#### HOW TO COMPLETE THIS TASK:
Skip the pictures and write out, word for word, the lines below from the one with "Metal Sign - 1973" through the one with "ment dessiner une grenouille", inclusive.

#### DATA PROVIDED:
--- START ---

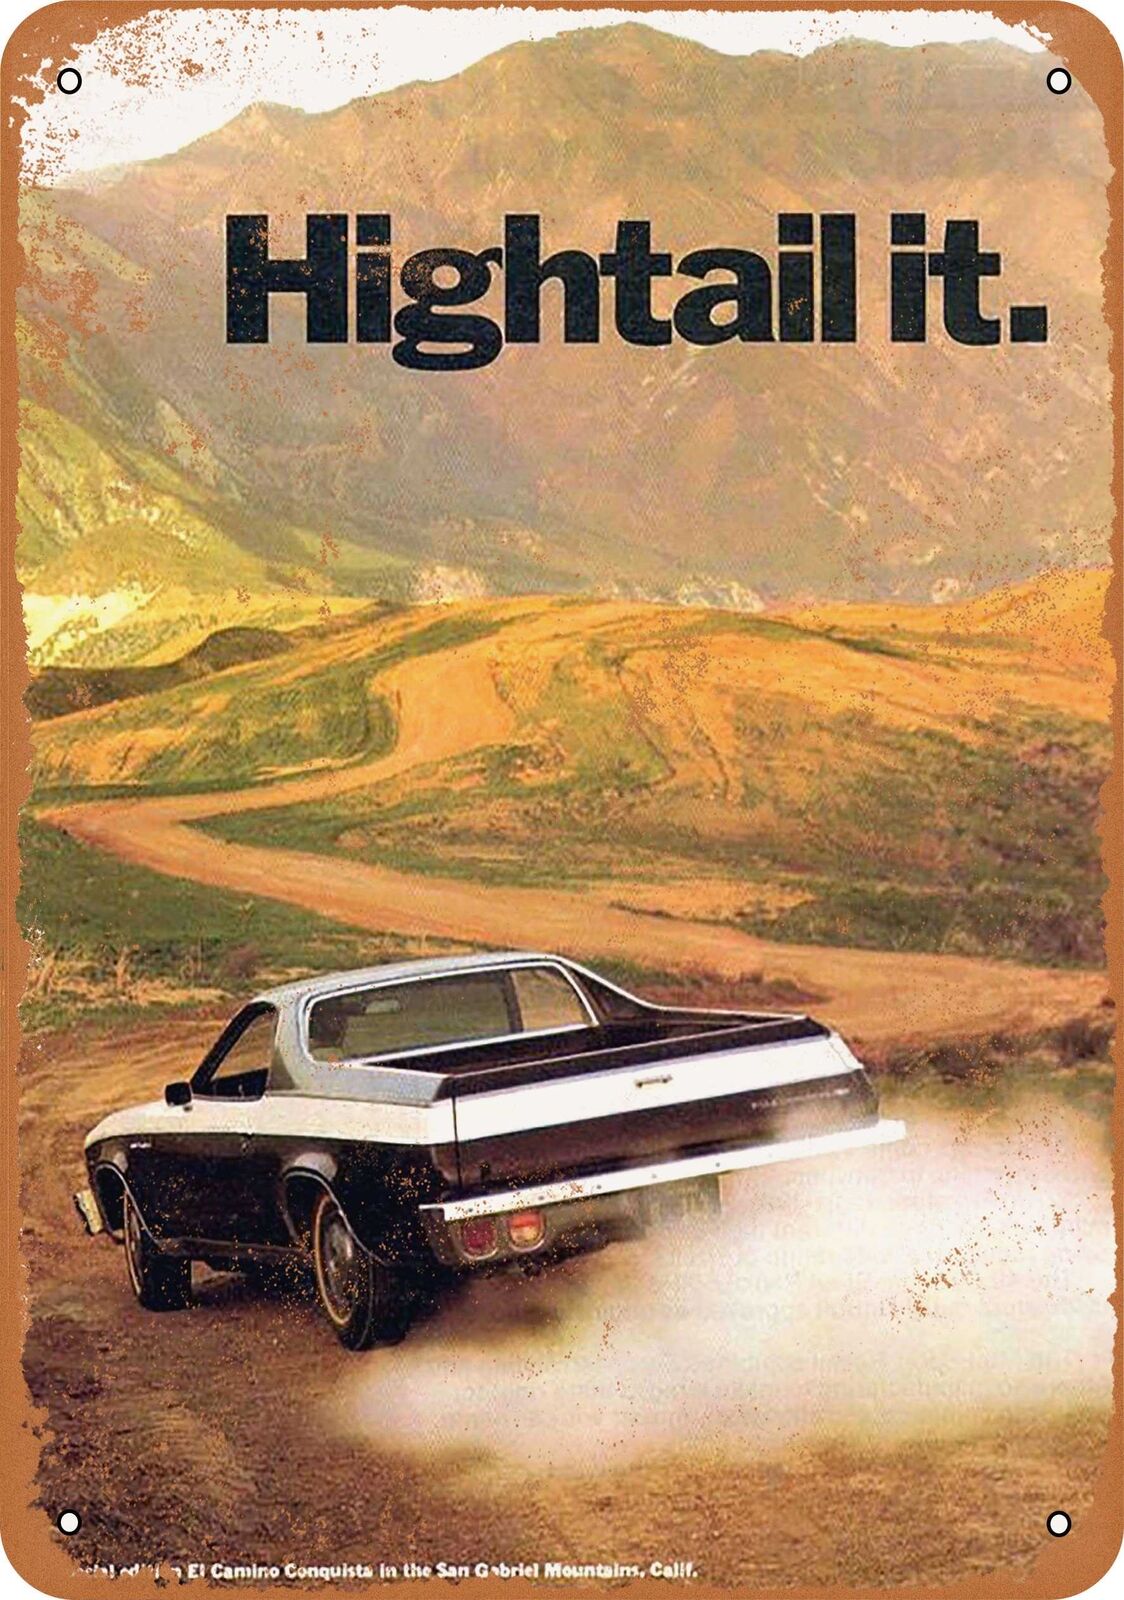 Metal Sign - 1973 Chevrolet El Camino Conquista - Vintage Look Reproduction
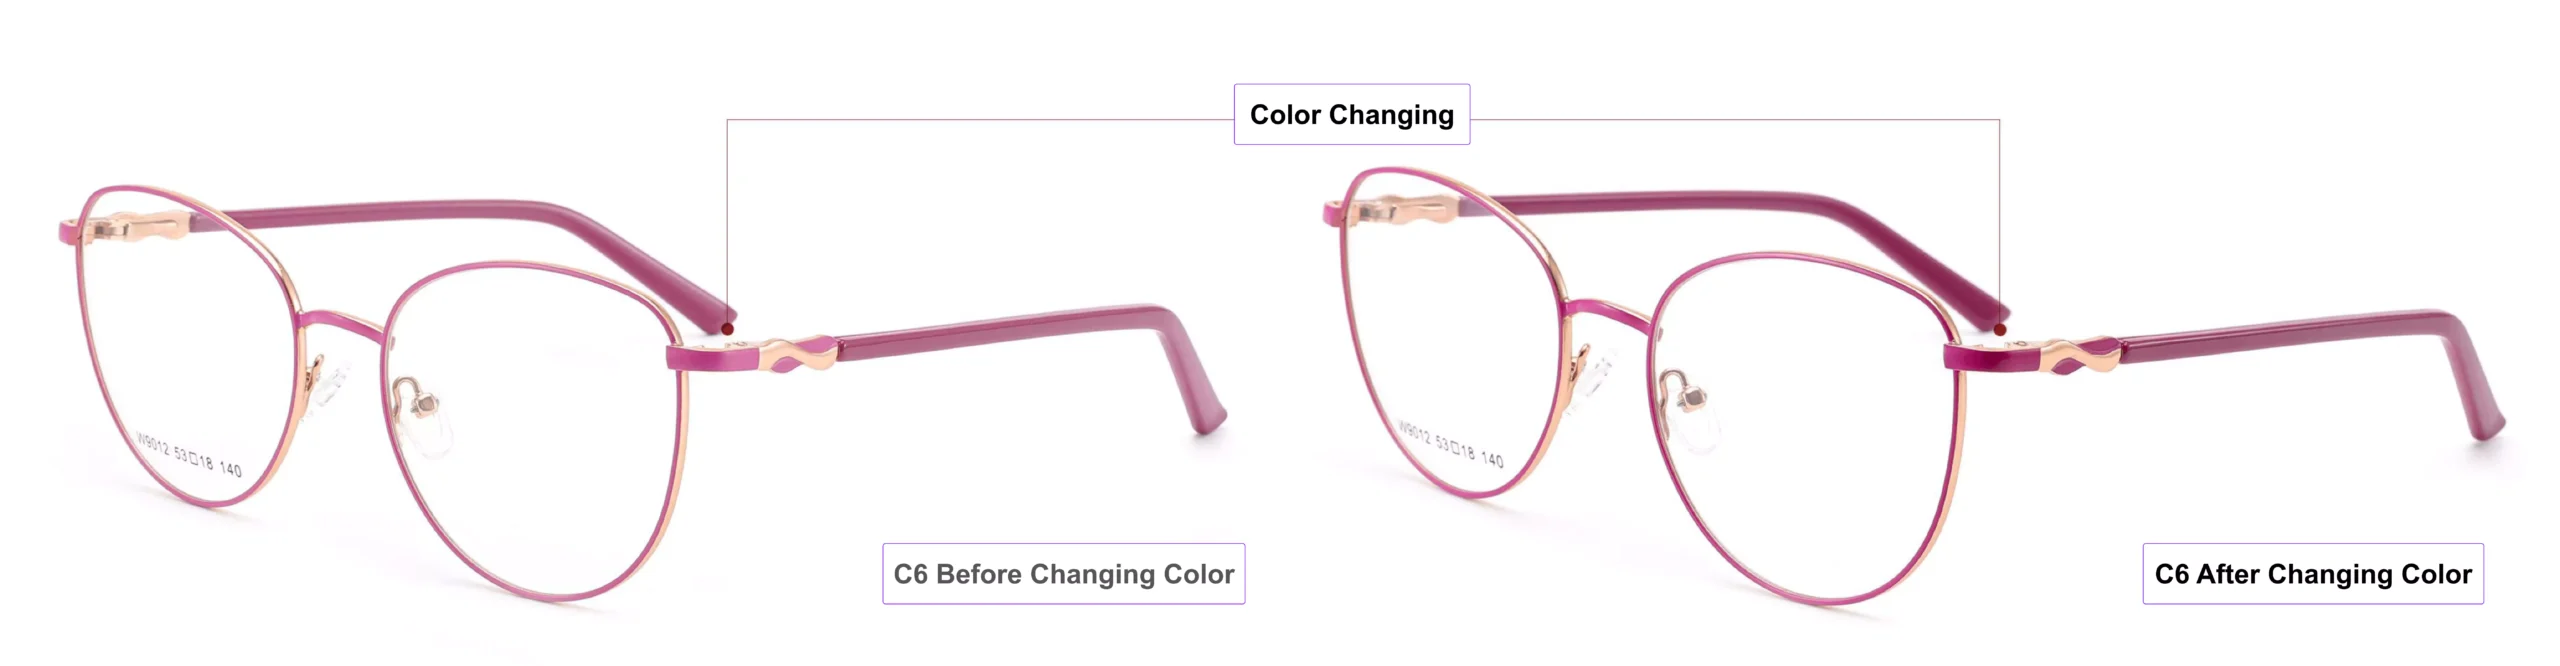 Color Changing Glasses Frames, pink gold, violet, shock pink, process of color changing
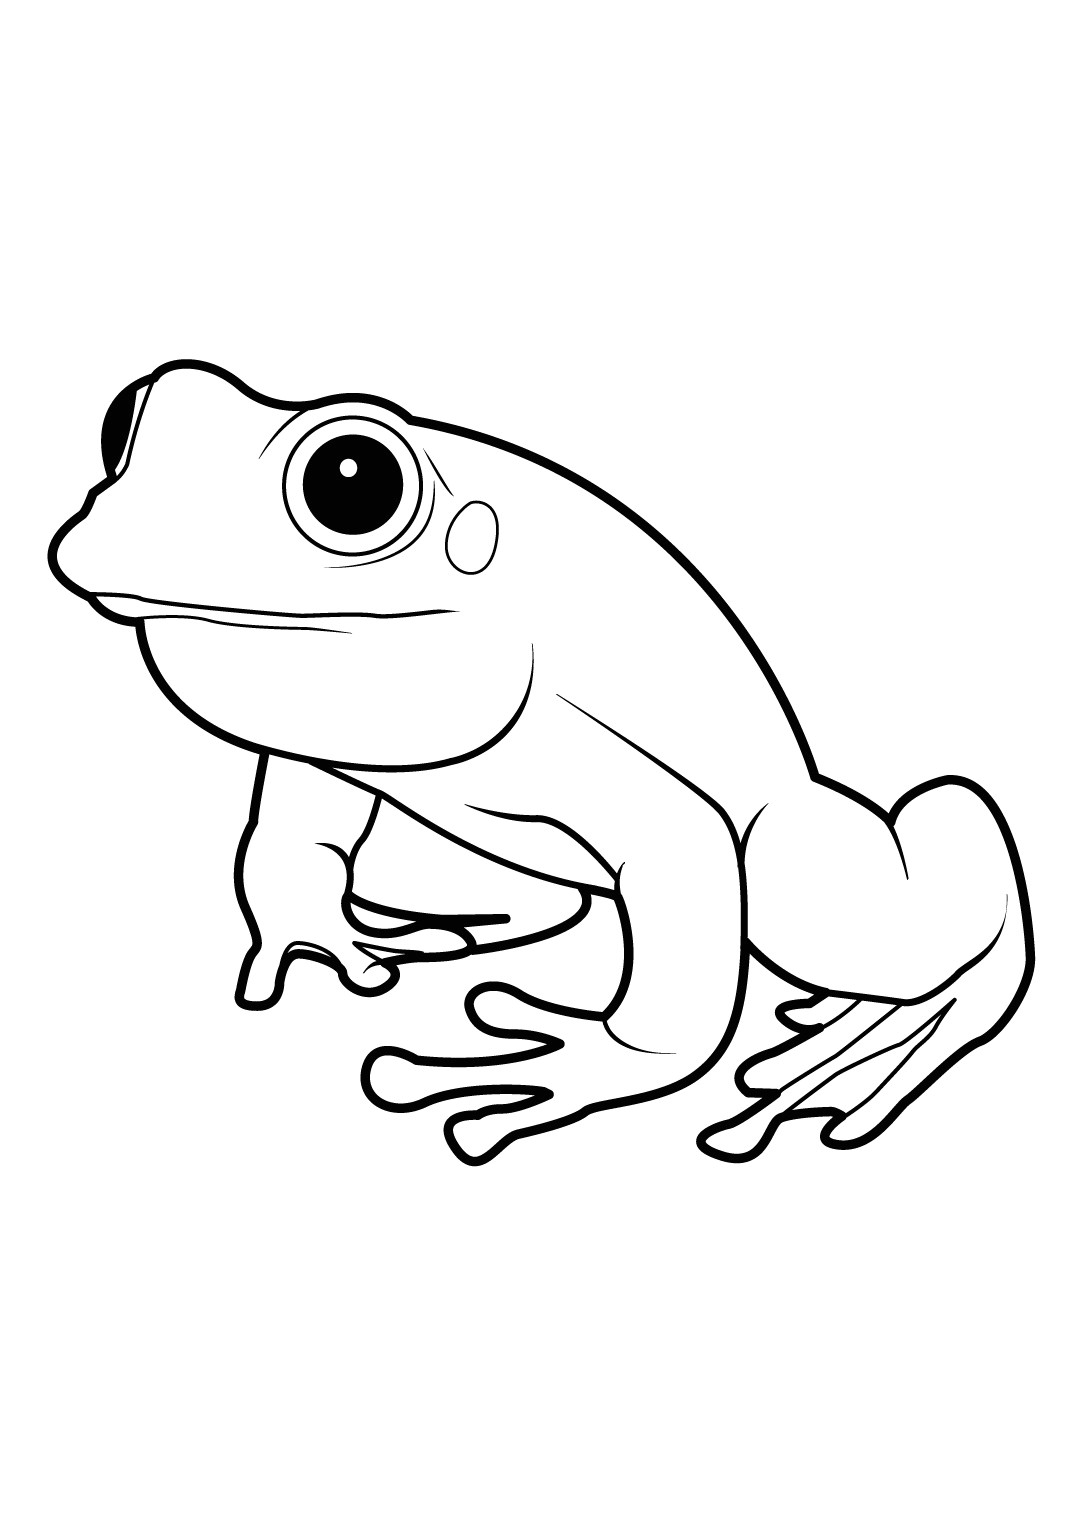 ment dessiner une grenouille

--- END ---
--- START ---

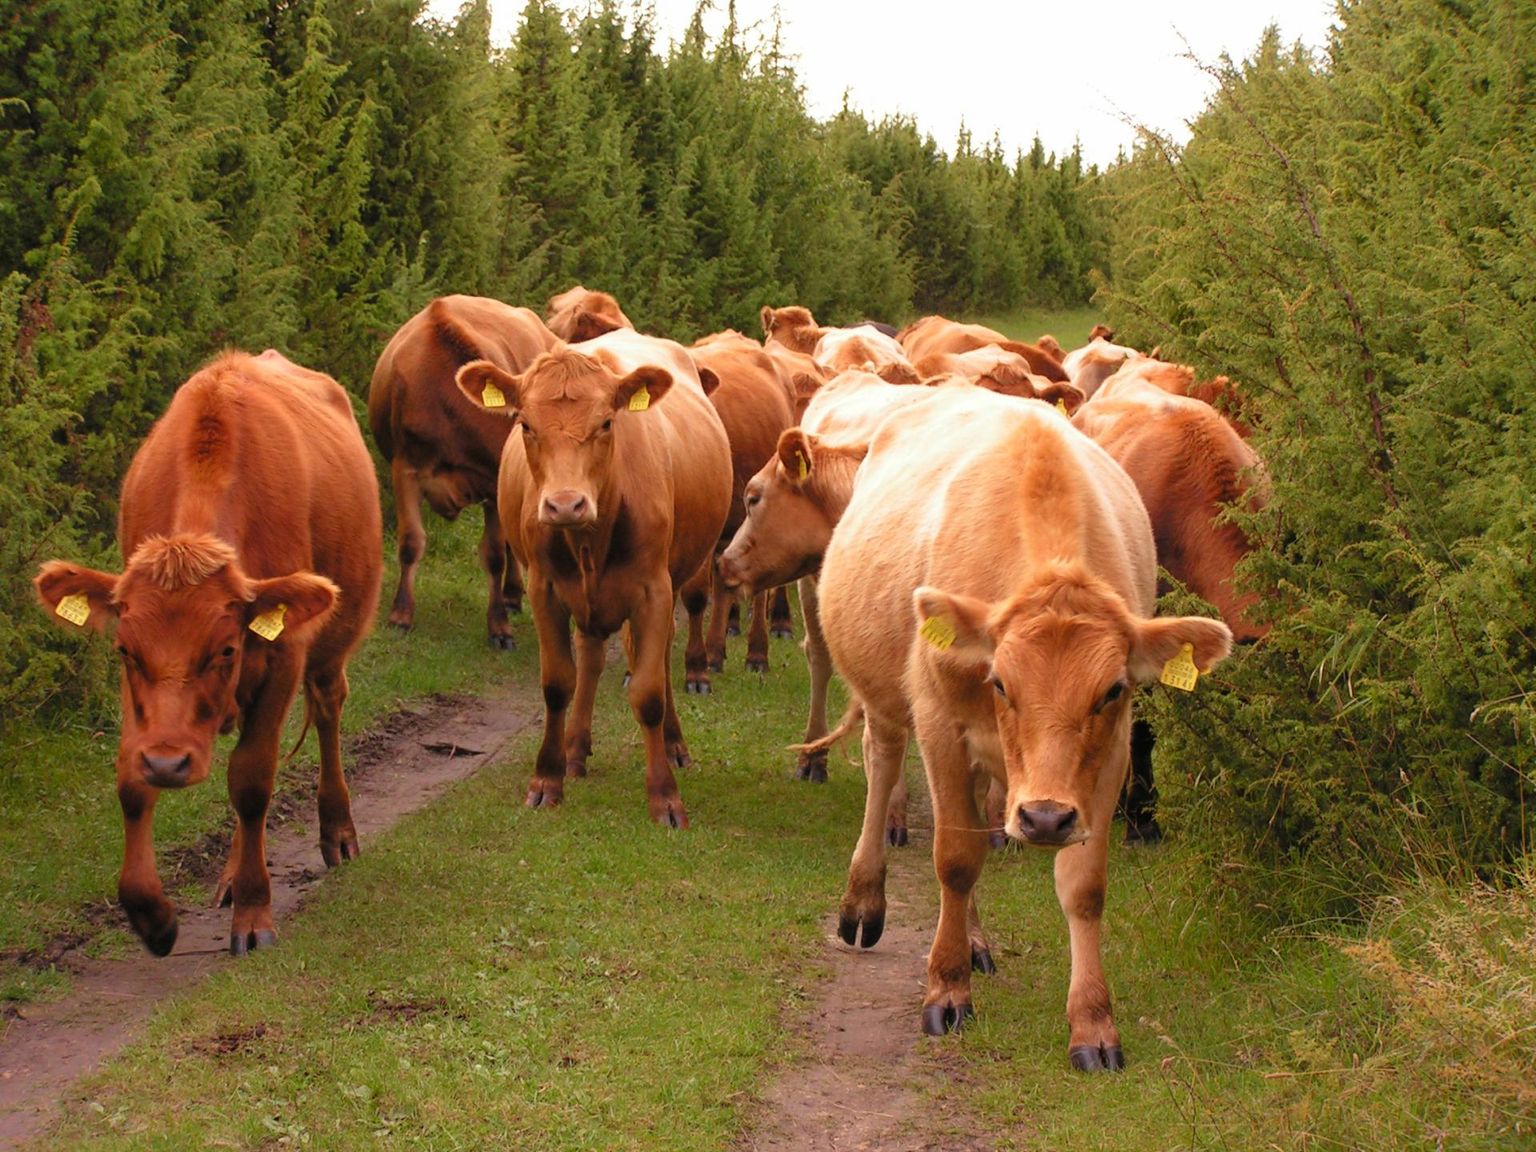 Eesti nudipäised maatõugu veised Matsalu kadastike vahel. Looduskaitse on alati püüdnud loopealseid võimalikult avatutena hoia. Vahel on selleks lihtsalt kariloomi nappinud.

--- END ---
--- START ---

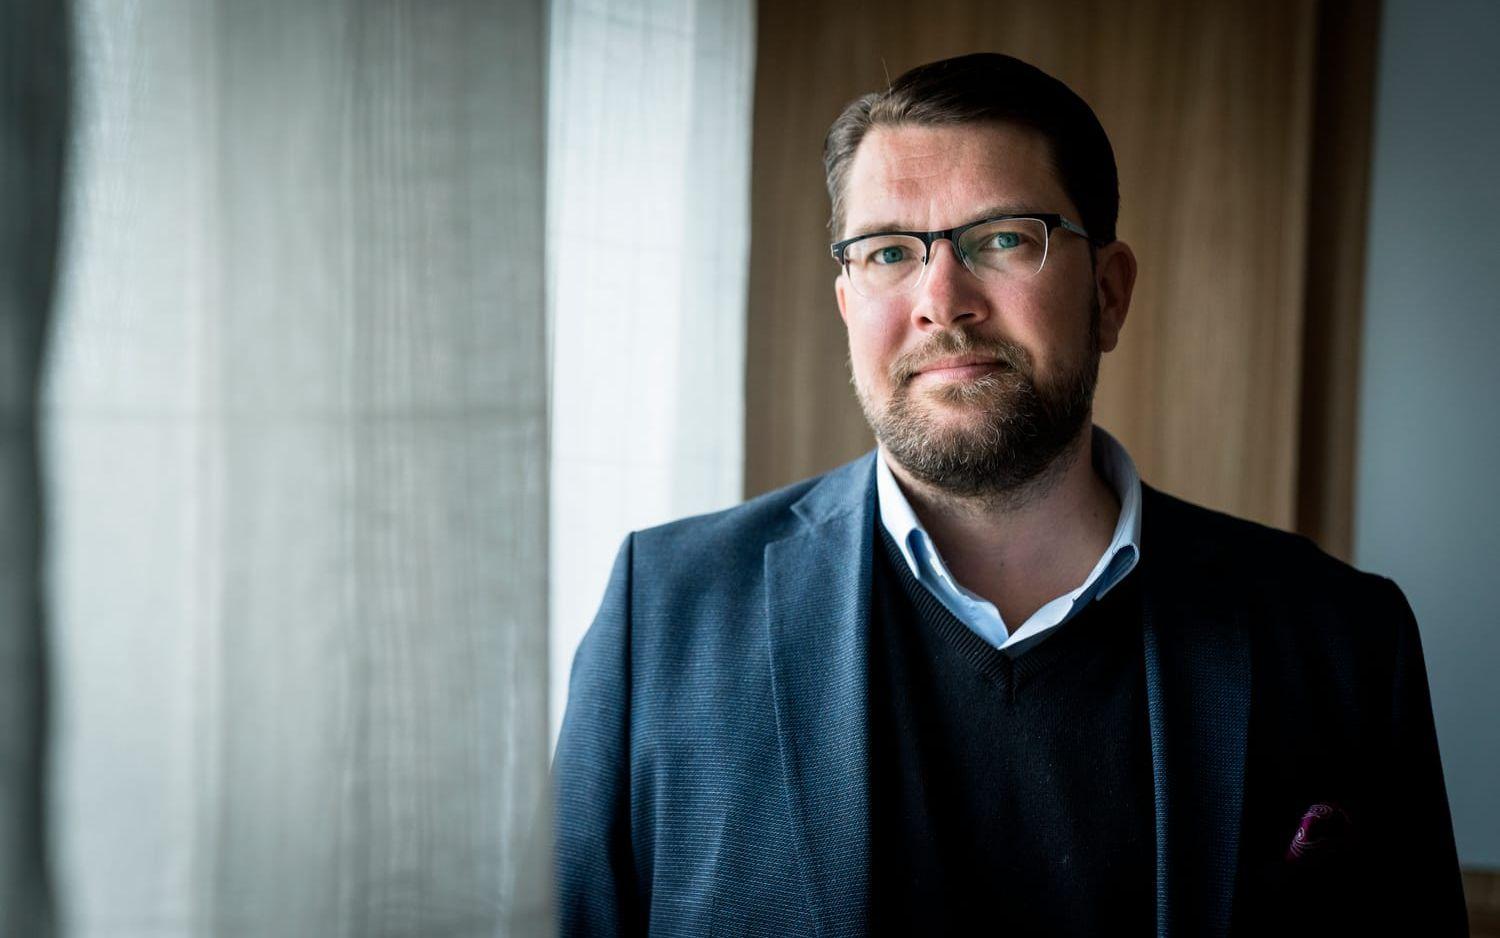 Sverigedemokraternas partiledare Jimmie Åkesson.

--- END ---

#### FINISHED TASK:
 Metal Sign - 1973 Chevrolet El Camino Conquista - Vintage Look Reproduction
 Color Changing Glasses Frames, pink gold, violet, shock pink, process of color changing
 ment dessiner une grenouille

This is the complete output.